I understand how this sport operates, and once again, when perception becomes reality, you push the game that much closer to extinction.

Racing would have long since ceased at those tracks and others without the slot welfare. I don’t think that’s even debatable at this point.

Then you see that a business partner and buddy of the owner takes a horse from (presumably) a known bad actor and transfers the horse over for a minute to a “cleaner” trainer. Seriously?

Do the people in the upper echelon of this sport who can and do control the business really question the state of the sport and the lack of business growth on the betting side of the game? Talk about a “bad look.”

I also find it hard to believe that blood samples need to be flown 8,000 miles to be tested.

There is not one lab, say in Kentucky (lots of horses there), that cannot perform that task quicker and for less money?

And the whole idea with all of this is to try and stop cheating.

And the betting public is expected to embrace this garbage?

They still have not instituted “One strike and you’re out.”

Second chances, third chances, legal “stays,” “Groom pissed in the hay,” and everything else. It goes on and on and never changes much.

I applaud Gural for his intent. I believe it’s honest.

What I don’t applaud is most of the rest of the industry looking the other way.

Let’s try some lifetime bans with these guys.
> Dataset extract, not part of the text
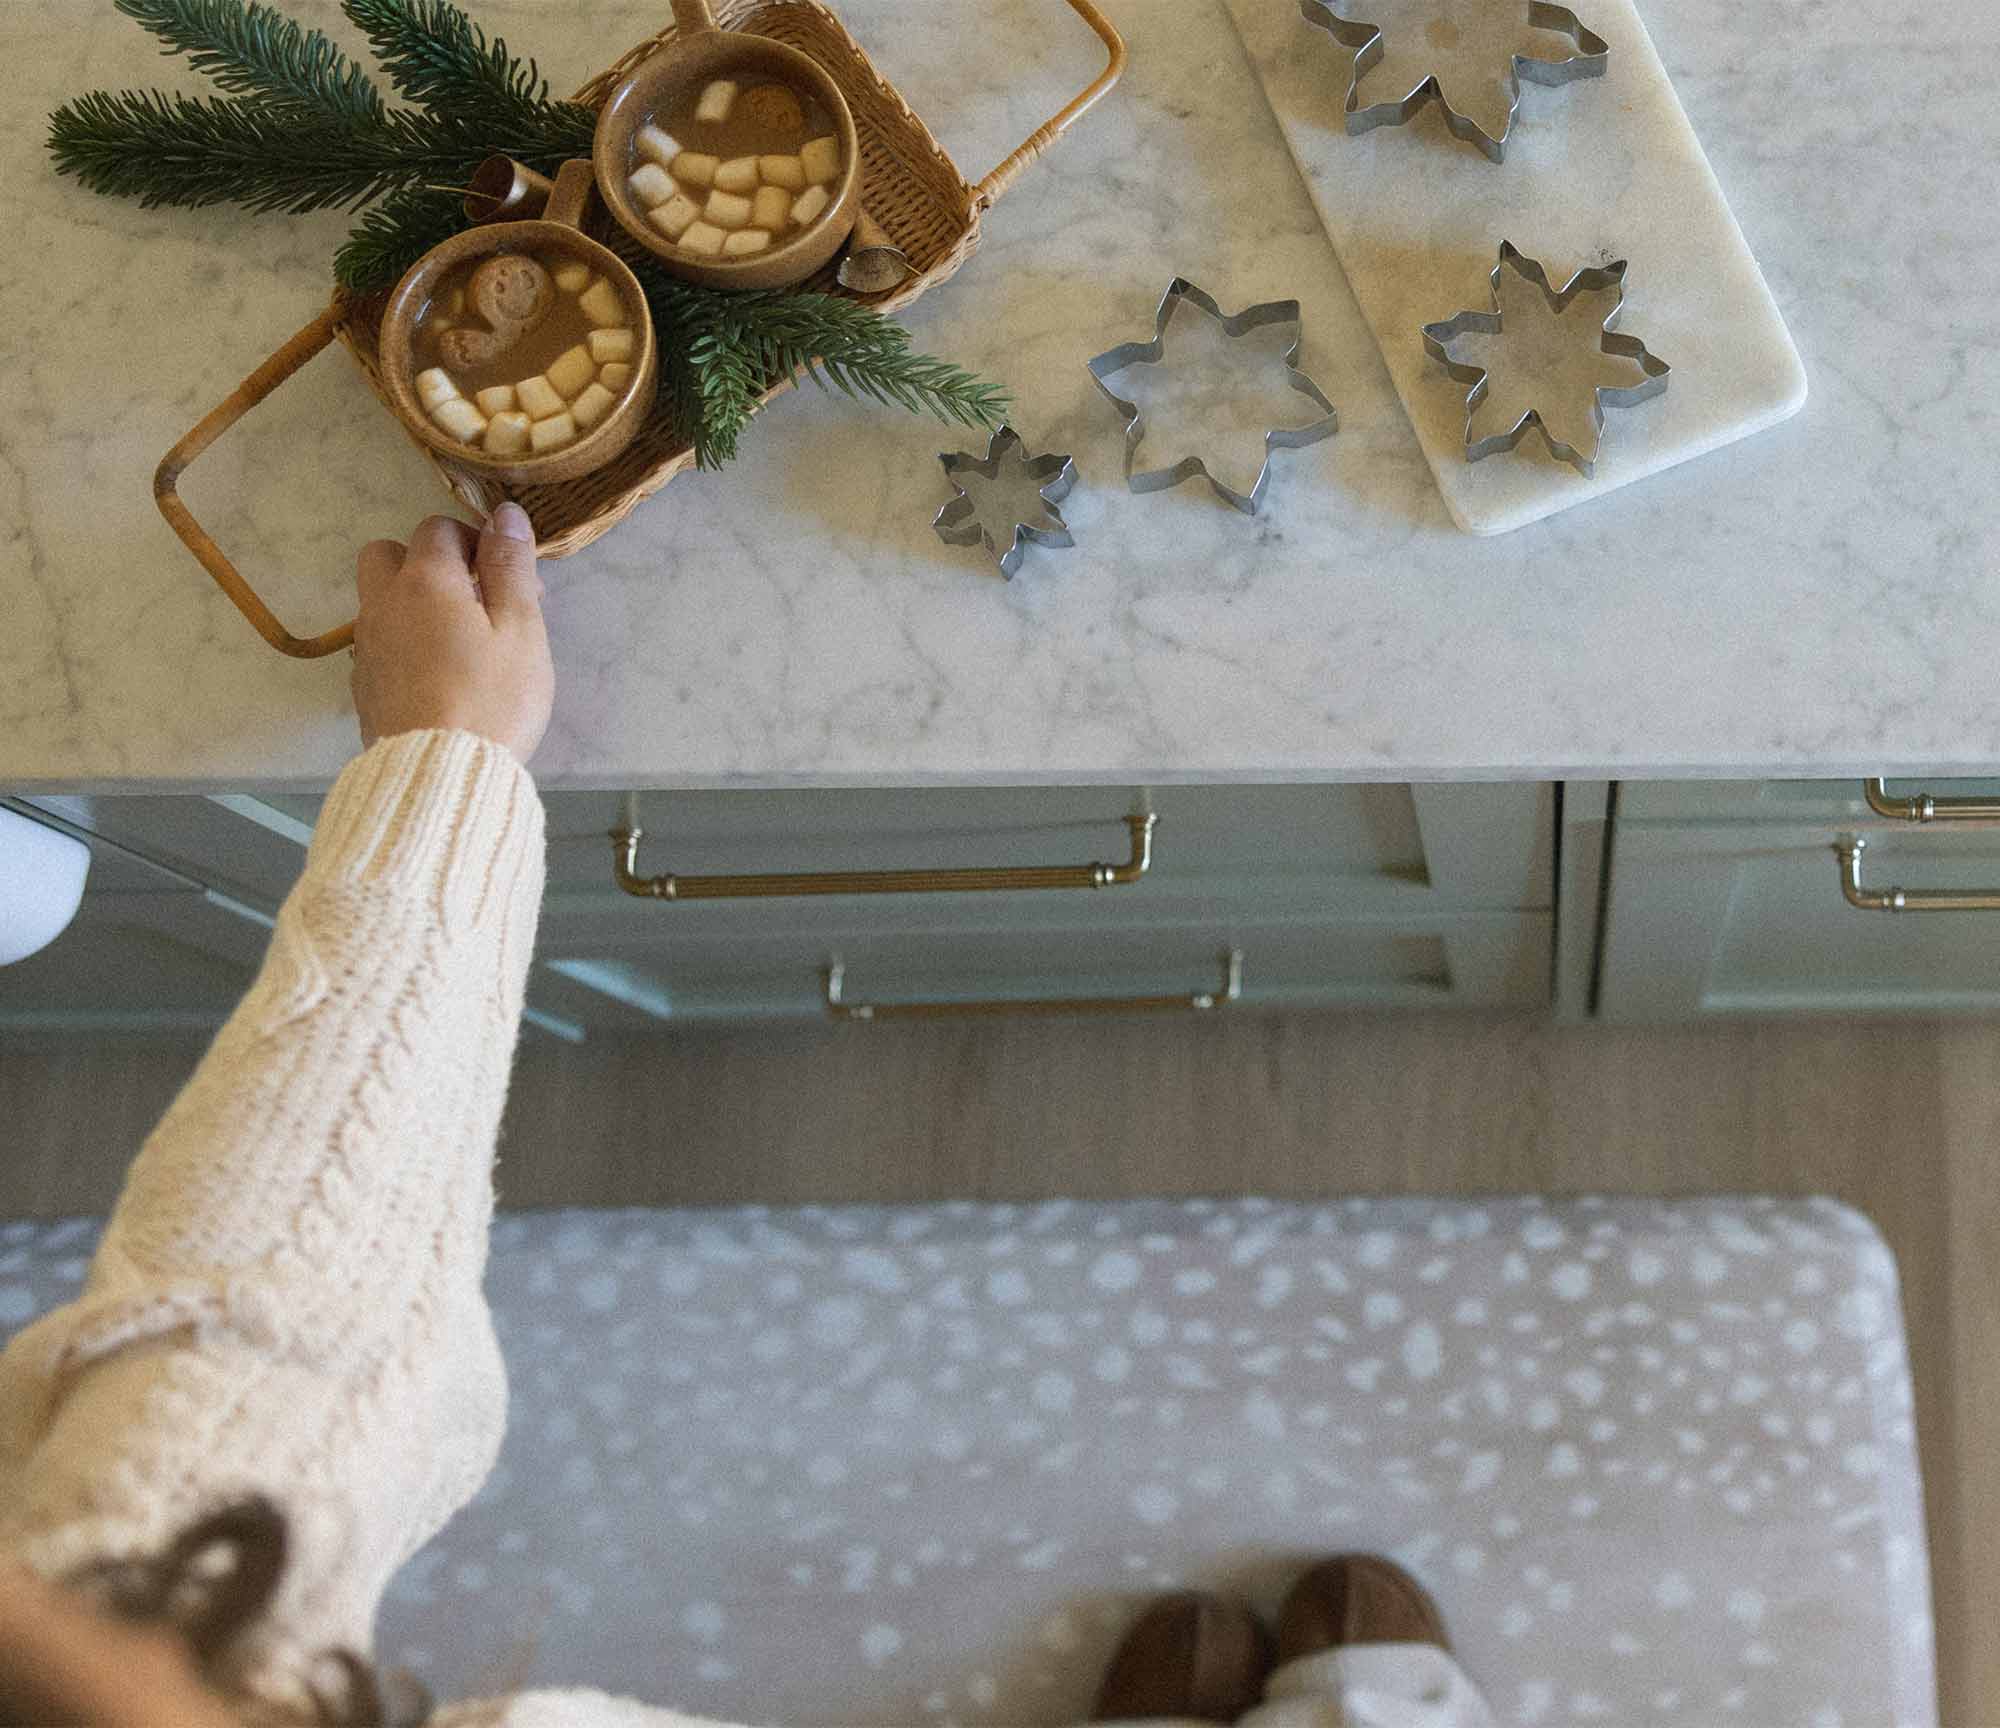 Fawn silver gray animal print kitchen mat shown in front of kitchen counter with woman reaching for cookie cutters and hot cocoa

Maybe then these people will realize that they are being afforded very nice livings that they certainly would NOT duplicate outside of harness racing.

Hard to believe that this topic would even be something to discuss.

— Vic Dante / North Caldwell, NJ

 

Attract the lottery players

About 50 years ago, I recall going to Roosevelt Raceway on a Saturday night when the attendance was often over 30,000. I was away from harness racing for decades and when I first went to Pompano Park two years ago, I asked, “Where is everybody?” I know much has changed since online betting arrived and people can watch most races in the comfort of their own home. But I think something must be done to bring some people back to the track. My suggestion is to attract people from that huge pool of lottery ticket players. Install quick pick machines at the track where you can invest a dollar and get five 20-cent random combinations for the Super High Five. Clever TV ads could show how easy it is to insert a dollar and possibly win over $100,000. Some of these new players might just watch a race or two and get more involved in the future. Some might just spend some time in the casino while they wait. Harness racing needs new blood.